Tuesday, July 1, 2008

We Make Our Own Pizza

Tonight's menu is pizza. We make our own. This does not entail pouring sauce from a jar onto a lilypad of premade dough. It's all from scratcheroo. If I sound like I'm both crowing and looking down my nose at you simultaneously, you may be right. As much as I love all of the varied types of commercial pizza out there, from high (wood-fired with prosciutto at a sit-down restaurant) to low (frozen Pizza For One), I can't bring myself to spend money on something that I know how to make myself for a fraction of the cost.

The mystical Pizza Knowledge was bestowed on me at a cooking class I took at Orange Tree Imports
before I had kids. The flour is a special high-gluten stuff from an Italian specialty store that makes the dough marvellously elastic and well-behaved. The sauce is straight 6-in-1 ground tomatoes from a can.

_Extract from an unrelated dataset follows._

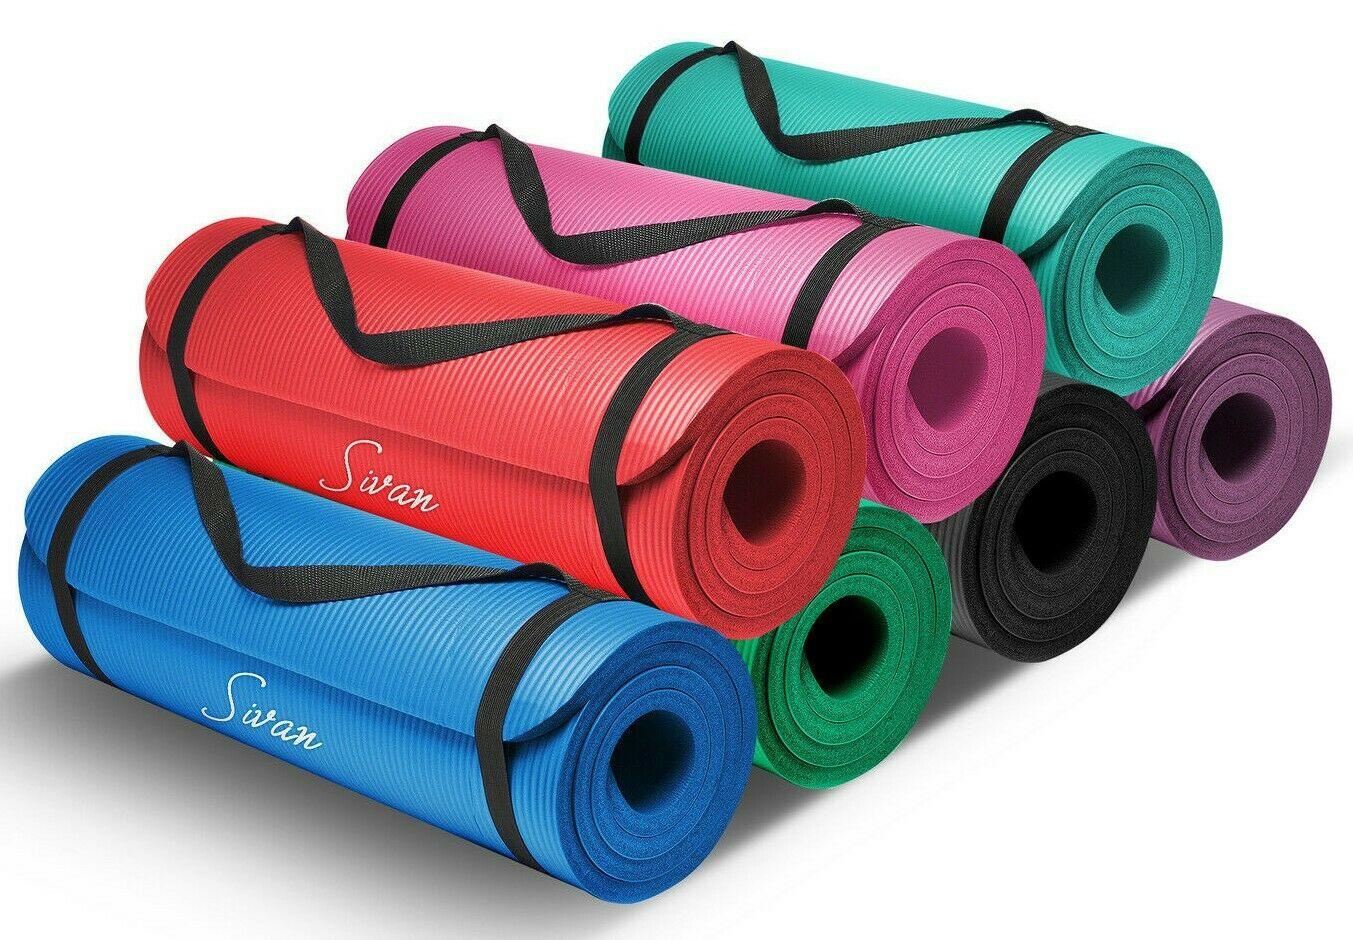 "Sivan Health & Fitness Yoga Mat - 1/2"" Thick, 71"" Inch Long - NBR Comfort Foam 1"

I cook the end result on a scary-looking pizza stone that is splotched with the charred remains of Pizzas Past. The pies are always a bit misshapen, or as I call it, "rustic." I get tired of my own pizza sometimes but ordering in would feel like a deep, personal failure. This is probably something appropriately worked through in therapy.

On the horizon: homemade chocolate/peanut butter sandwich cookies; vegetable biryani; mushroom lasagna.